Bill presented these facts to Cabinet over a period of weeks in late 2008. He had the ability to cut through the financial jargon and present the whole picture clearly and without partisan political embellishment. These clear-sighted presentations, and what they meant for the country and National’s election commitments, cemented his reputation among his colleagues as the brains of the government. We had great faith in the coherency and accuracy of the presentations. As 2009 unfolded, it was clear that we could rely on Bill’s economic analysis and his forecasts. We knew what we could do, but also what we could not.

Cabinet was willing to borrow heavily to protect New Zealand’s social fabric at a time when it easily could have come under immense pressure. We did so because we could trust Bill’s economic analysis, as well as John Key’s intuition on market behaviour.

The combination of sound economic forecasting, tax and regulation cut-backs, and John’s understanding of financial markets meant that New Zealand came out of the recession faster than most other developed nations. This had not normally been the case. Typically, New Zealand had been a laggard in recovering from a recession. The fact that we weren’t this time is largely due to the skilled economic leadership that Bill showed at this time.

It is easy to now think that anyone could have done this. That Bill English was no better than anyone else would have been. But in reality, the choices people make do matter. If New Zealand had borrowed, regulated and taxed to the extent of the Europeans, we would still be struggling to recover from the GFC. This is a test the current government is likely to face in coming years.

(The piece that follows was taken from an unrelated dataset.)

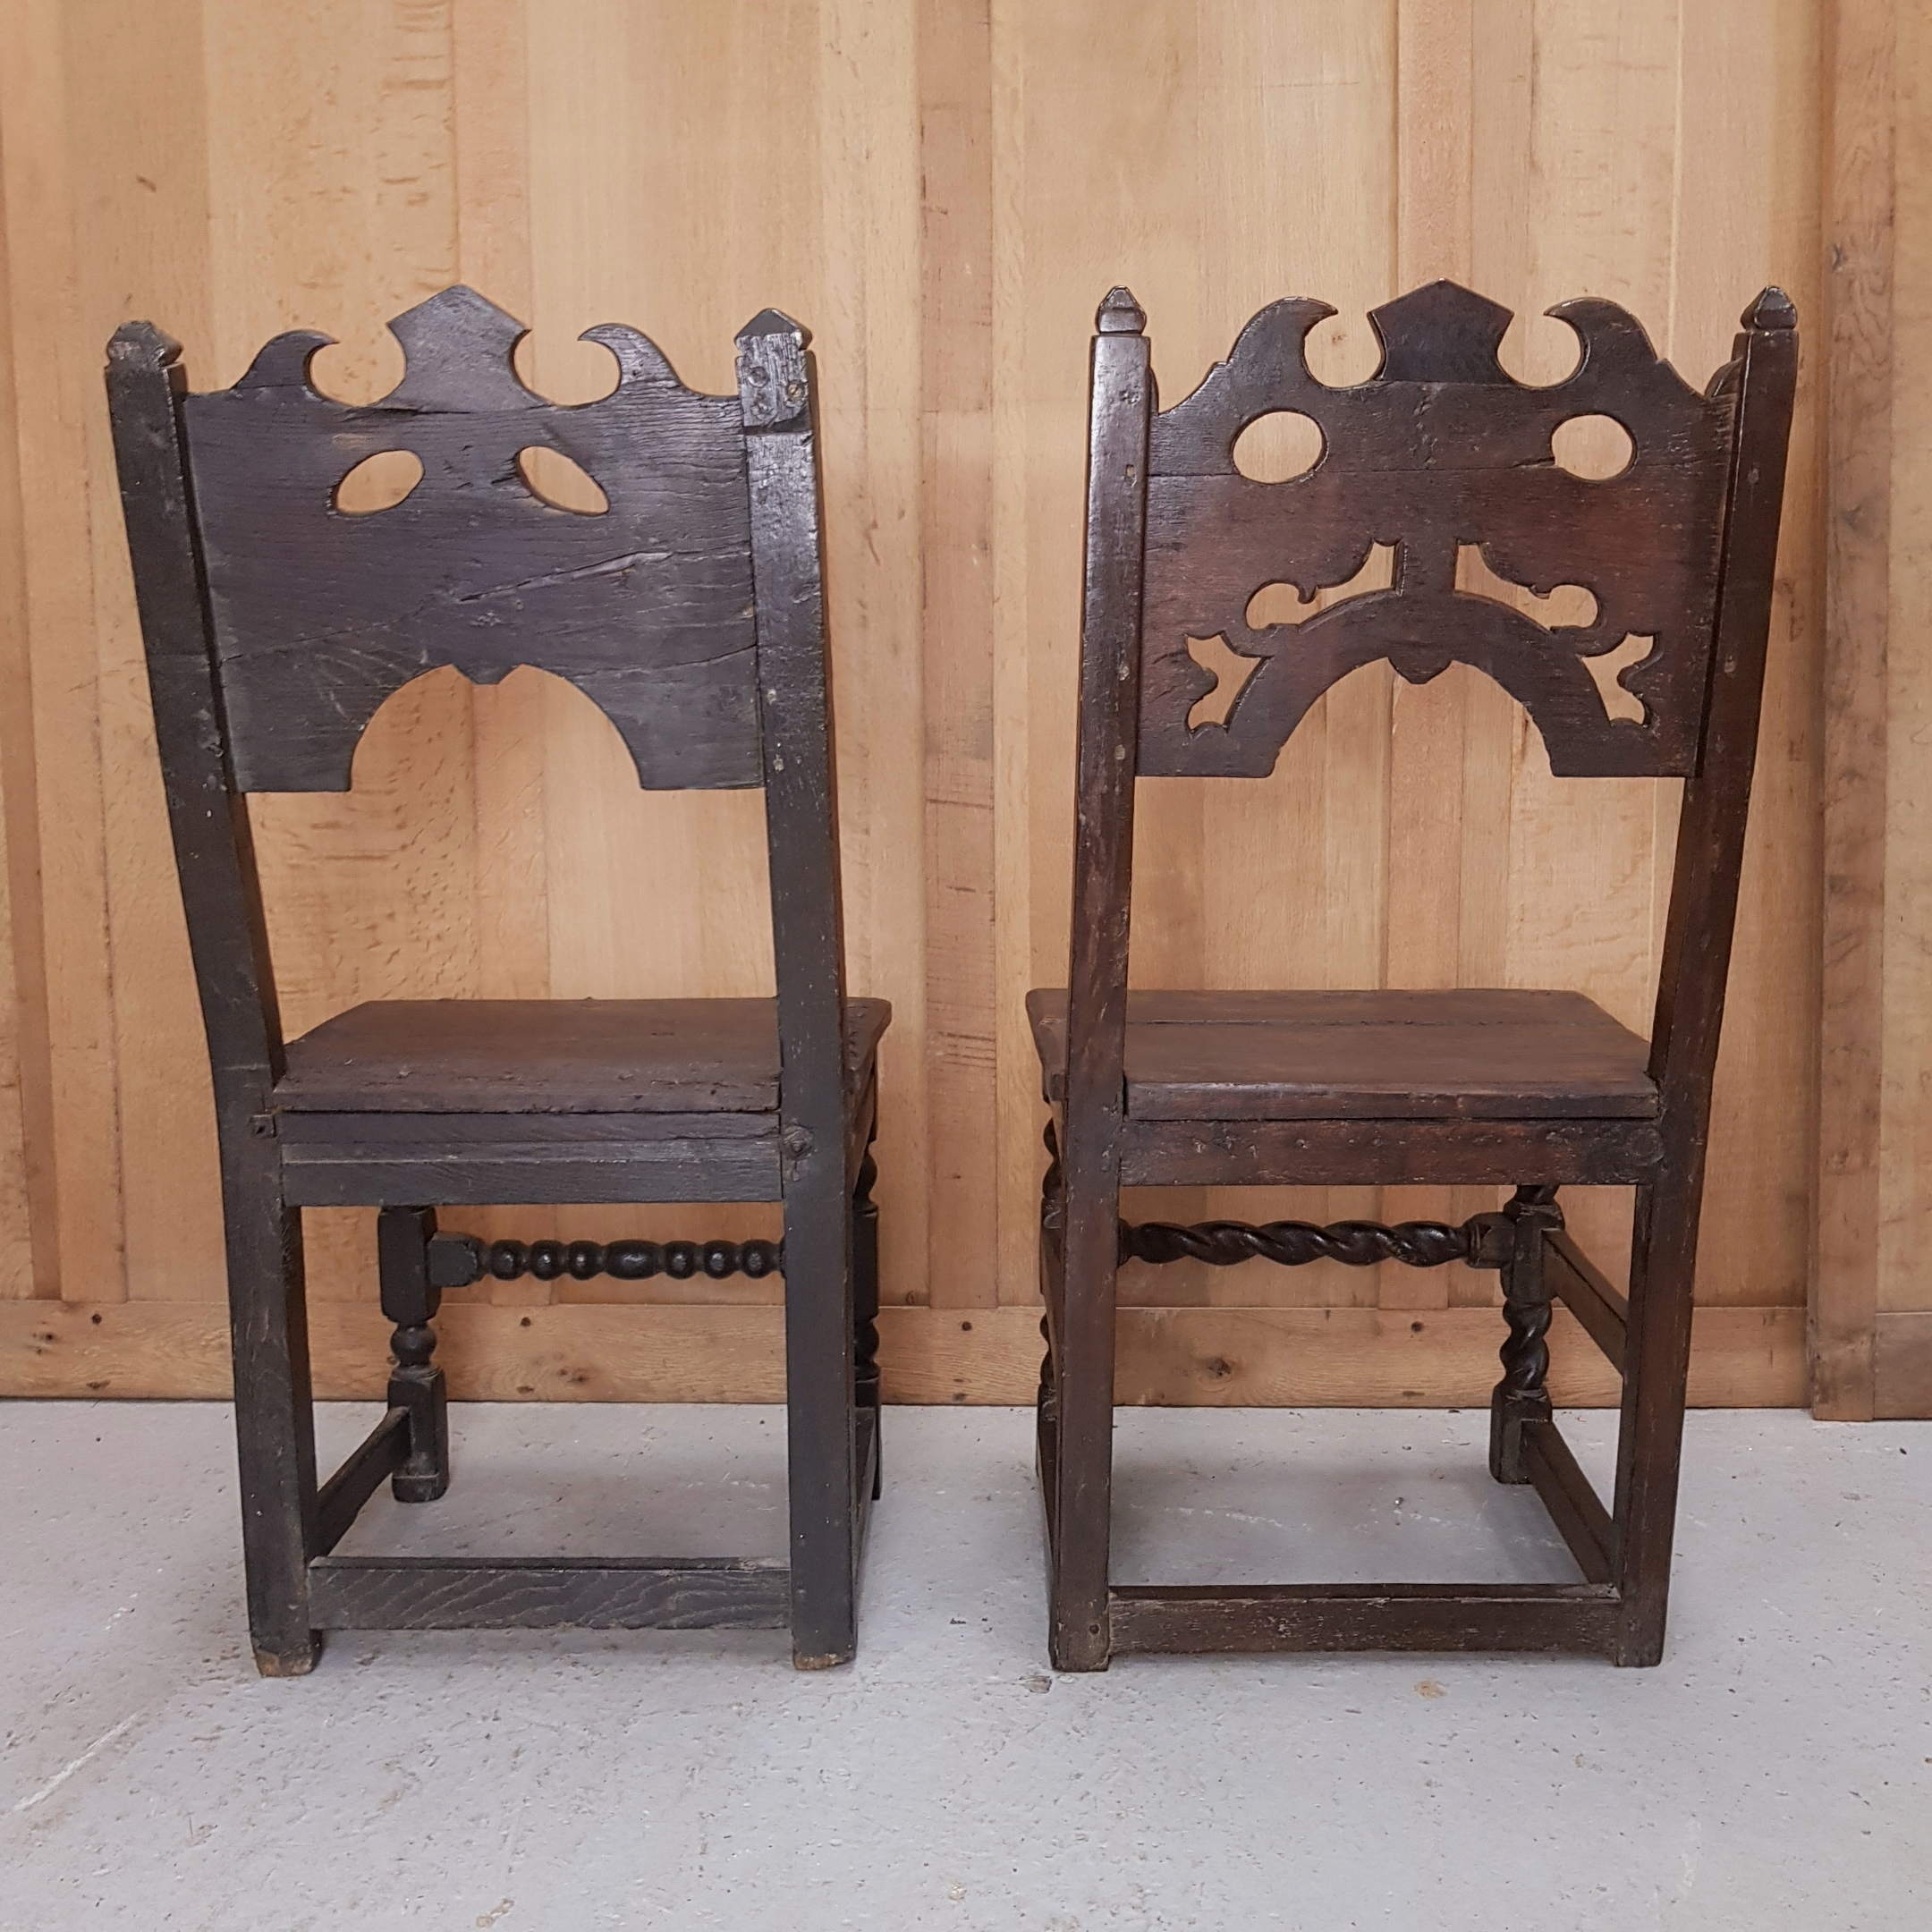 Ancient Oak Wainscot Chairs - Antique Church Antiques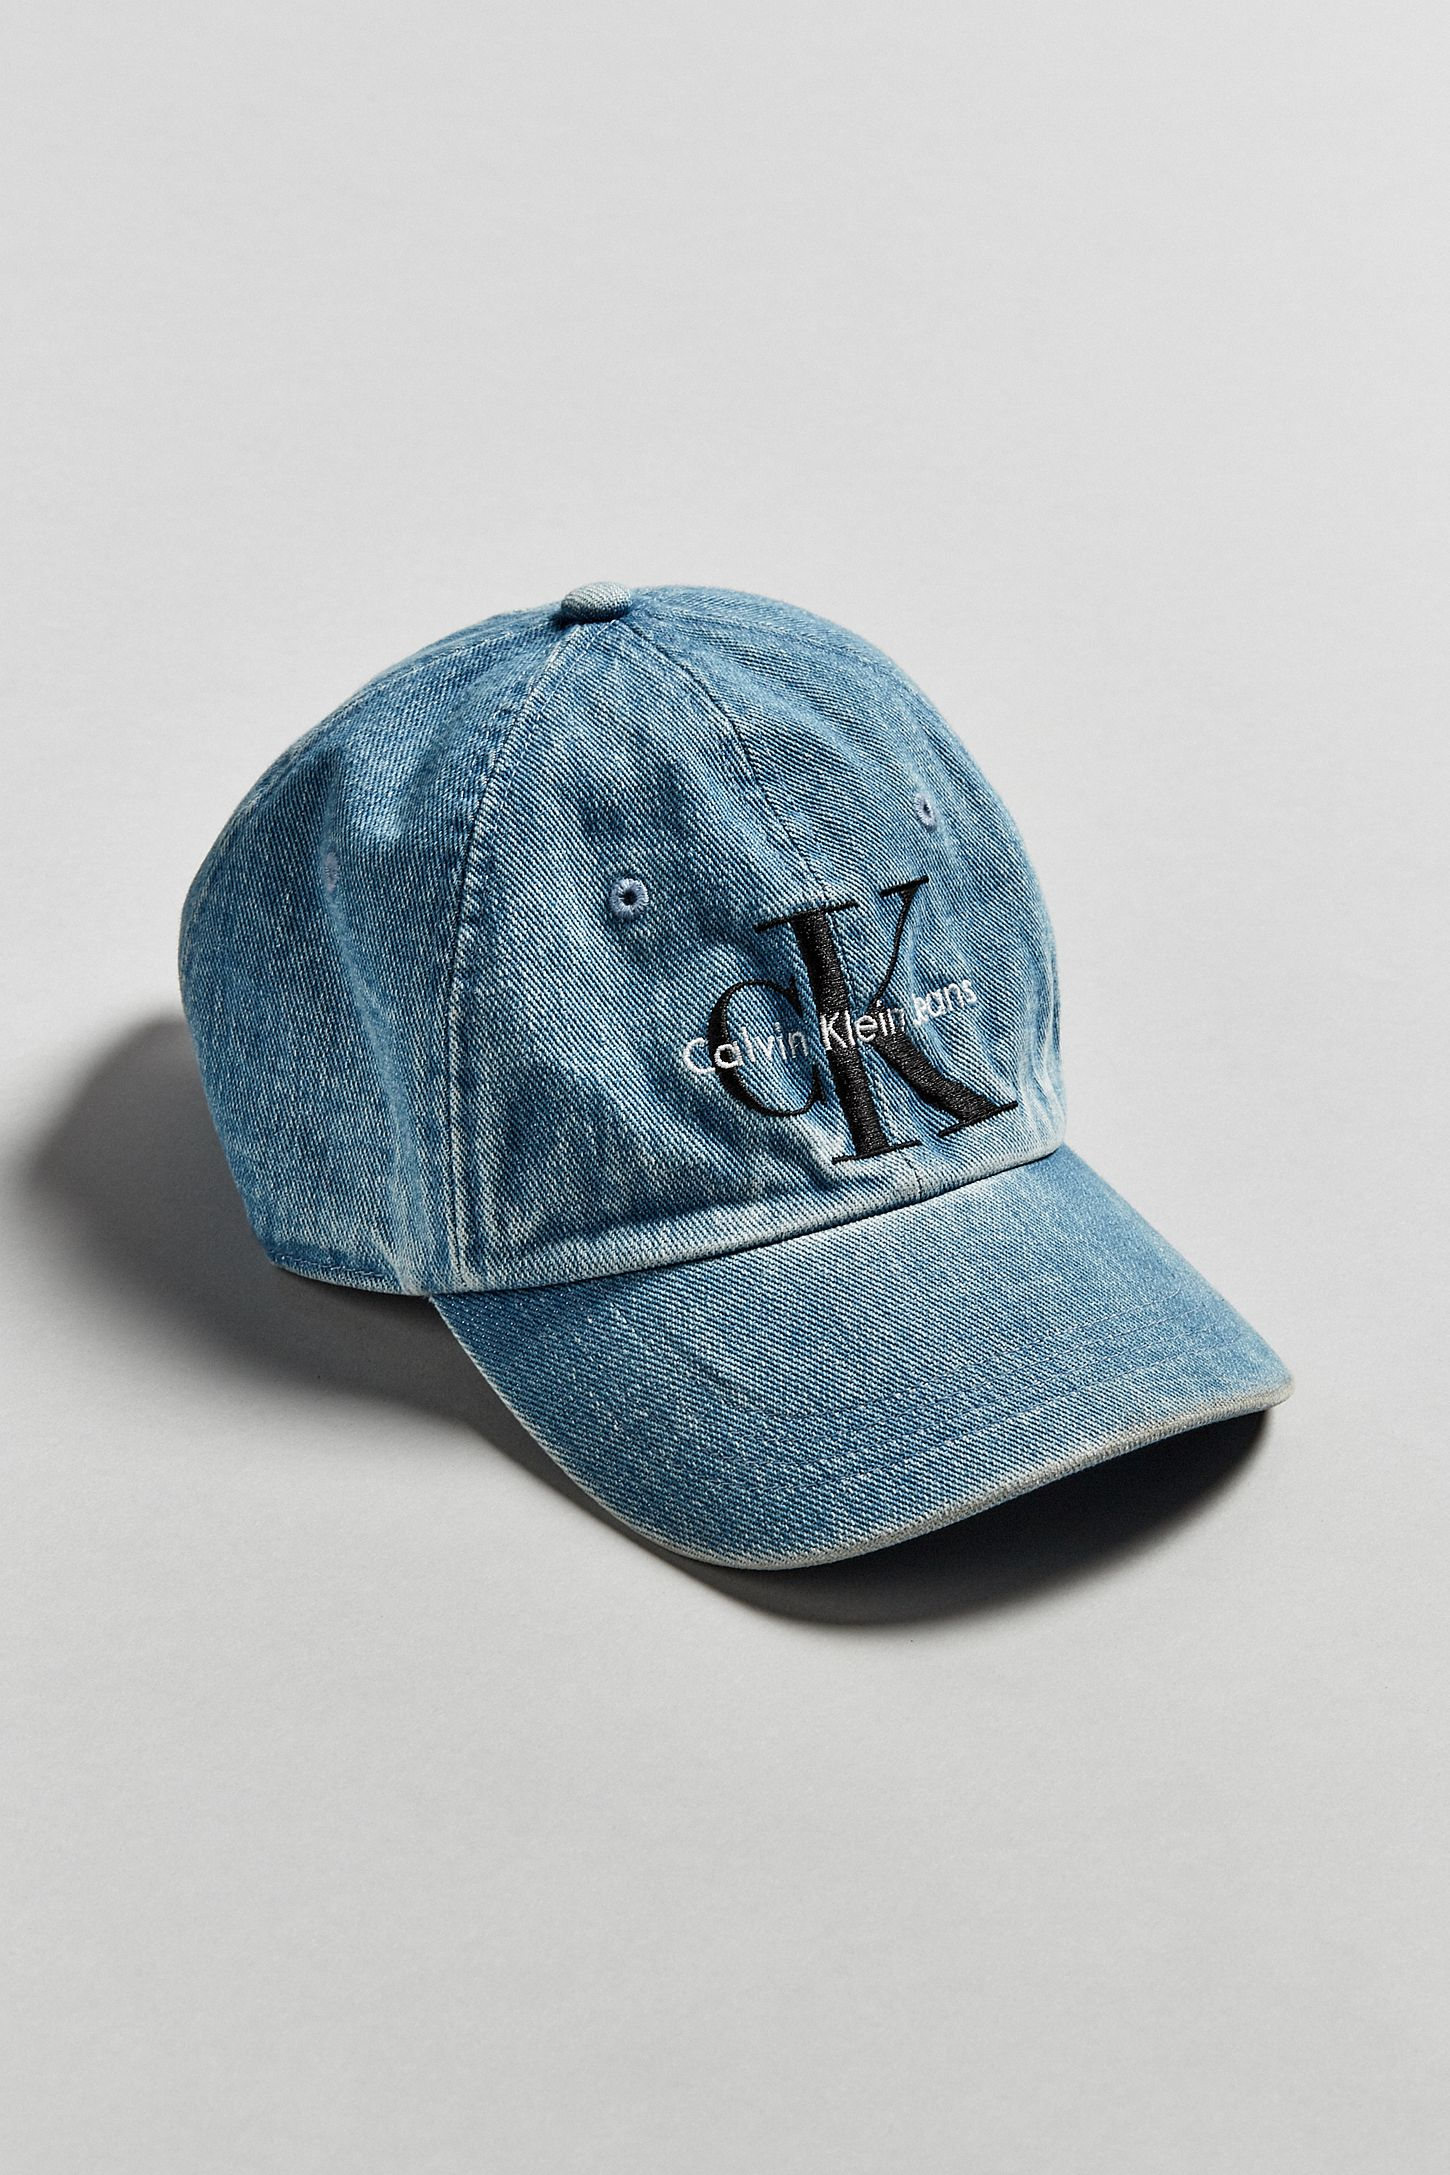 Calvin Klein Baseball Hat  5180be460

Bill’s time as leader and prime minister in the last year largely put to bed the bad memories of 2002. With an election result of 44% of the vote, 7% ahead of Labour, Bill might have expected to be able to continue as prime minister. That Winston Peters, despite his antipathy toward National, would realise that there was a lot at risk if he changed the government. That was not to be. Winston had too many bitter memories from 2008 and the Privileges Committee hearing leading to his departure from parliament for him to choose National.

A change of government will always cause leaders to take stock. Is it credible or plausible to hold on with the promise of winning at the next election?

Beating a new government in just three years is a big ask. It does happen, as in 1960 and in 1975, when National defeated Labour in both cases. But it typically requires the government to be an obvious and spectacular failure. Bill has presumably judged that the prospect of winning in 2020 is not certain enough to warrant staying. A 50/50 shot would not be enough of an enticement.

What of the future for National? Within two weeks, the National caucus has to choose a new leader. Already the pundits are speculating on the choices. Does National have the best chance by emulating Labour with youth adjacent leadership, or is an opposite choice a better option?

Because there is no obvious successor to Bill, this will be a hard choice for the caucus. National is only 2% or 3% away from being back in government. But retaining existing support as well as building new support will be an immense challenge for the new leadership. As with all contests, it will require both luck and skill.

Bill English had immense amounts of the latter, but he did not always have the former. It will be in the role of minister of finance, where it was his skills that came to the fore that he will be best remembered. The nation owes him that.